Since the function is odd, we have $\widehat f(2n)=0$ for all integer $n$ and $$\widehat f(2n-1)=\frac 1{2\pi}\frac{\pi}4\left(-\int_{-\pi}^0e^{-i(2n-1)x}dx+\int_0^{\pi}e^{-i(2n-1)x}dx\right)\\\ =\frac 18\left(\frac 1{(2n-1)i}(1-(-1)^{2n-1})+\frac 1{(2n-1)i}(1-(-1)^{2n-1})\right) =\frac 1{2(2n-1)i}.$$ We have $\frac1{2\pi}\int_{-\pi}^{\pi}|f(x)|^2dx=\frac{\pi^2}{16}$ and $|\widehat f(2n-1)|^2=\frac1{4(2n-1)^2}$ so by Parseval equality $$\frac{\pi^2}{16}=\sum_{n\in\mathbb Z}|\widehat f(2n-1)|^2=\sum_{n\in\mathbb Z}\frac1{4(2n-1)^2}=\frac 14 \sum_{n\in\mathbb Z}\frac 1{(2n-1)^2}\\\ =\frac 14\sum_{n\geq 1}\frac 1{(2n-1)^2}+\frac 14\sum_{n\geq 0}\frac 1{(2n+1)^2} =\frac 12\sum_{n\geq 1}\frac 1{(2n-1)^2}. $$ and finally $$\sum_{n=1}^{+\infty}\frac 1{(2n-1)^2}=\frac{\pi^2}8.$$

Solution 3:

You want your computation of the coefficients to be in a convenient form; check that $$|\hat{f}(n)|^2=\begin{cases} (2n)^{-2} & n \text{ odd} \\ \\ 0 & n \text{ even} \end{cases} $$

The major issue I see in the work you posted is that you have an erroneous version of Parseval's:

$$ \hskip 0.3in \sum_{-\infty}^{+\infty} |\hat{f}(n)|= \int_{-\pi}^{\pi} |f(x)|dx \hskip 0.3in \color{Red}{\text{Incorrect}} $$

The correct version is with squares, which makes the computations meaningful:

$$\hskip 0.3in \sum_{-\infty}^{+\infty} |\hat{f}(n)|^2= \int_{-\pi}^{\pi} |f(x)|^2dx \hskip 0.3in \color{LimeGreen}{\text{Correct}} $$

On the left side we'll be adding $(2n)^{-2}$ over the odds twice, and the right side is $\pi^2/16$.

Solution 4:

The Fourier series of $f$ is given by $$ \mathcal{F}f(x)= \sum_{k=1}^{\infty} \frac{1}{2k-1}\sin((2k-1)x), $$ which converges pointwise to $f$ except at $x=0$ (where it is zero).
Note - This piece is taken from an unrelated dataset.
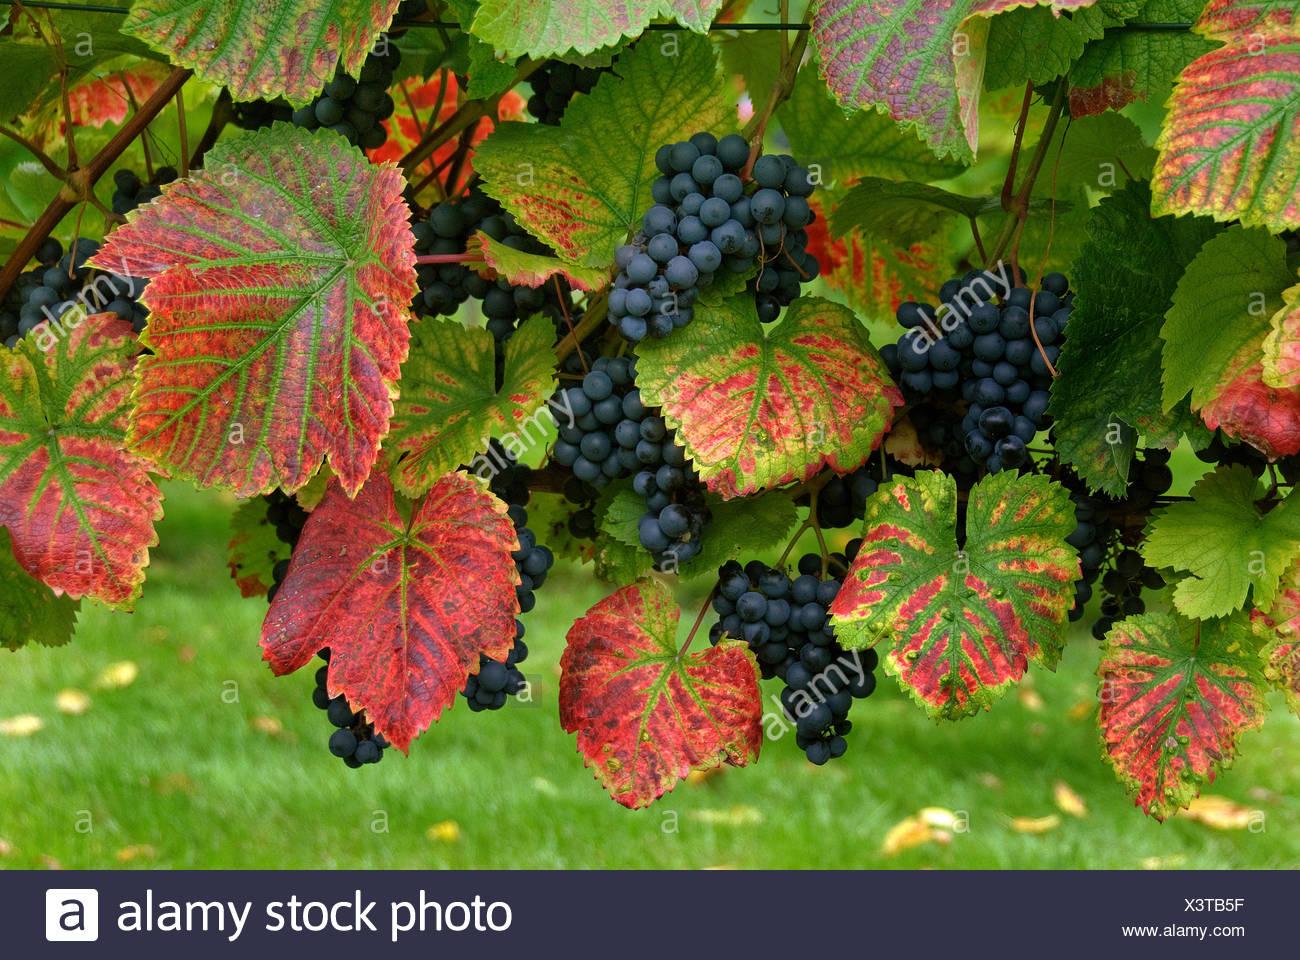 grape-vine, vine (Vitis vinifera 'Regent', Vitis vinifera Regent), cultivar Regent - Stock Image
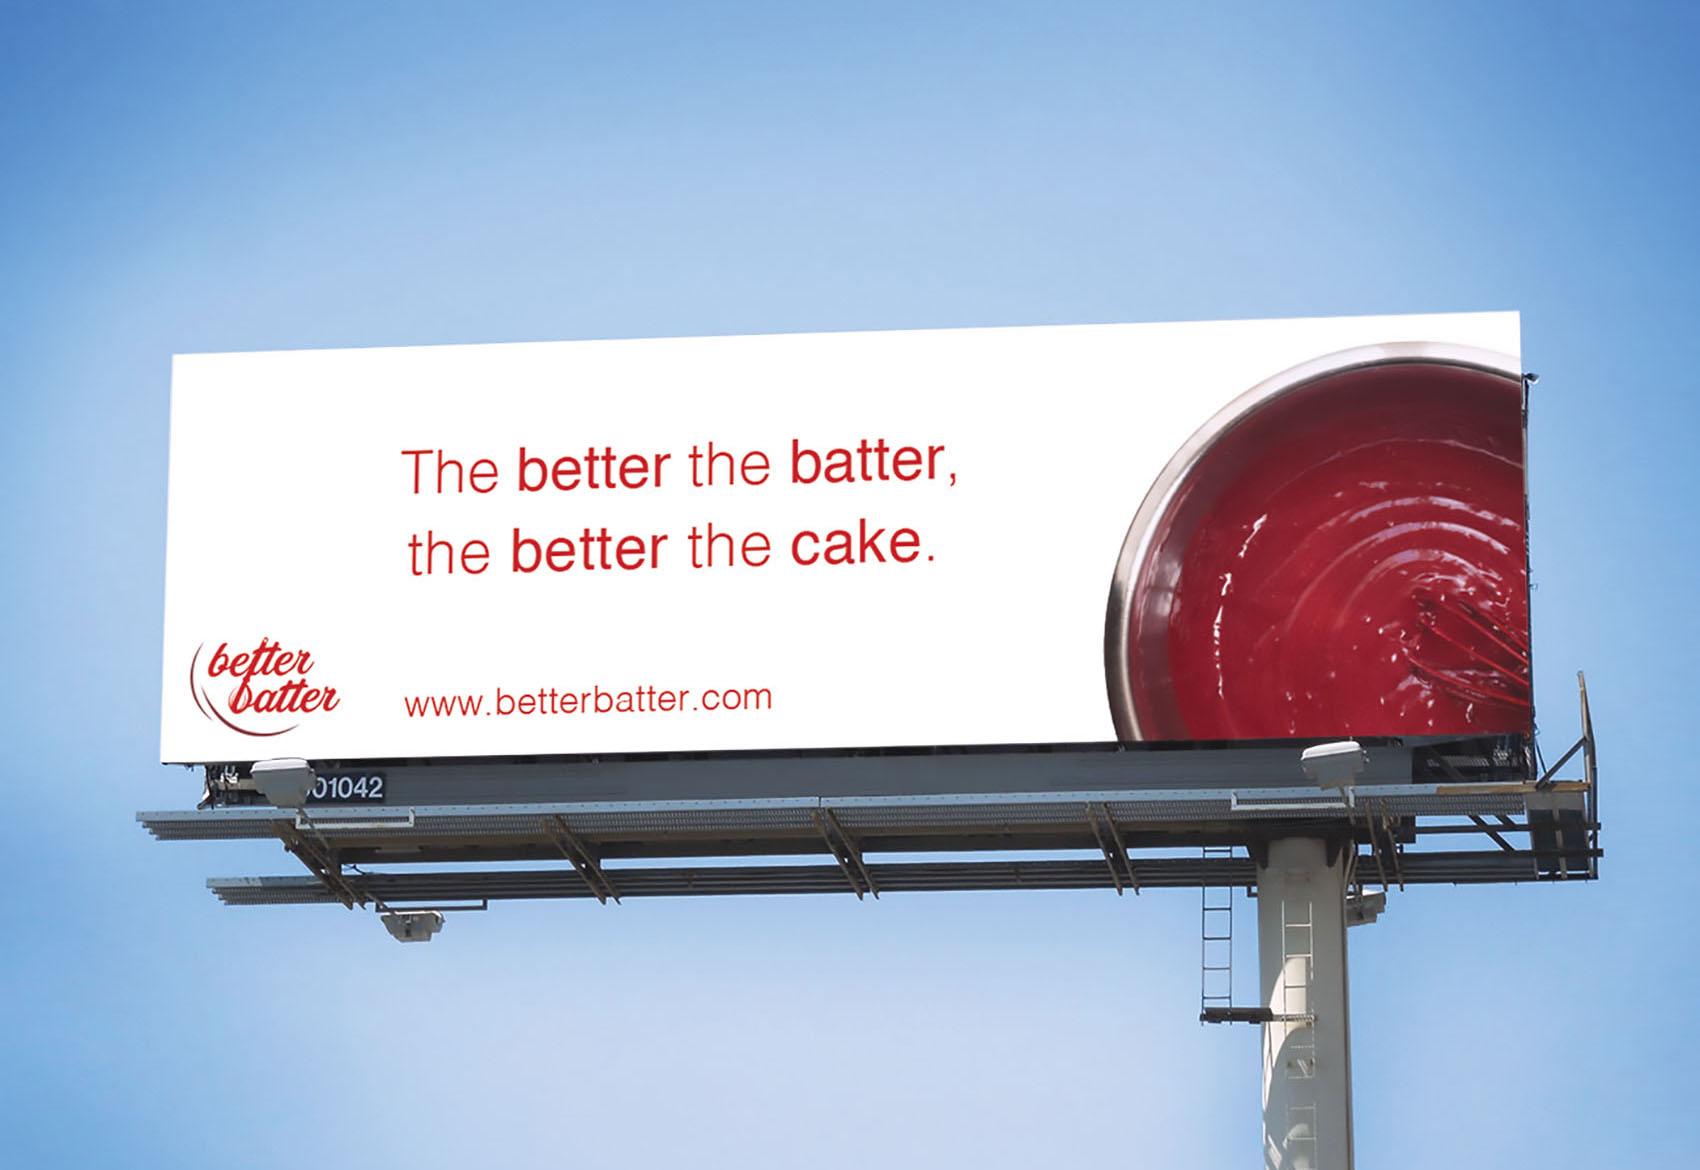 Better Batter Billboard Ad

So on $(-\pi, 0)$, we can write $\mathcal{F}f =f$, and integrating both sides of the first equation, we get $$ -\frac{\pi^{2}}{4} = \int_{-\pi}^{0} f(x)\, \mathrm{d}x = \sum_{k=1}^{\infty} \frac{1}{2k-1}\int_{-\pi}^{0}\sin((2k-1)x) = -2\sum_{k=1}^{\infty} \frac{1}{(2k-1)^{2}} $$ which gives the result $$ \sum_{n=1}^{\infty} \frac{1}{(2n-1)^{2}} = \frac{\pi^{2}}{8} $$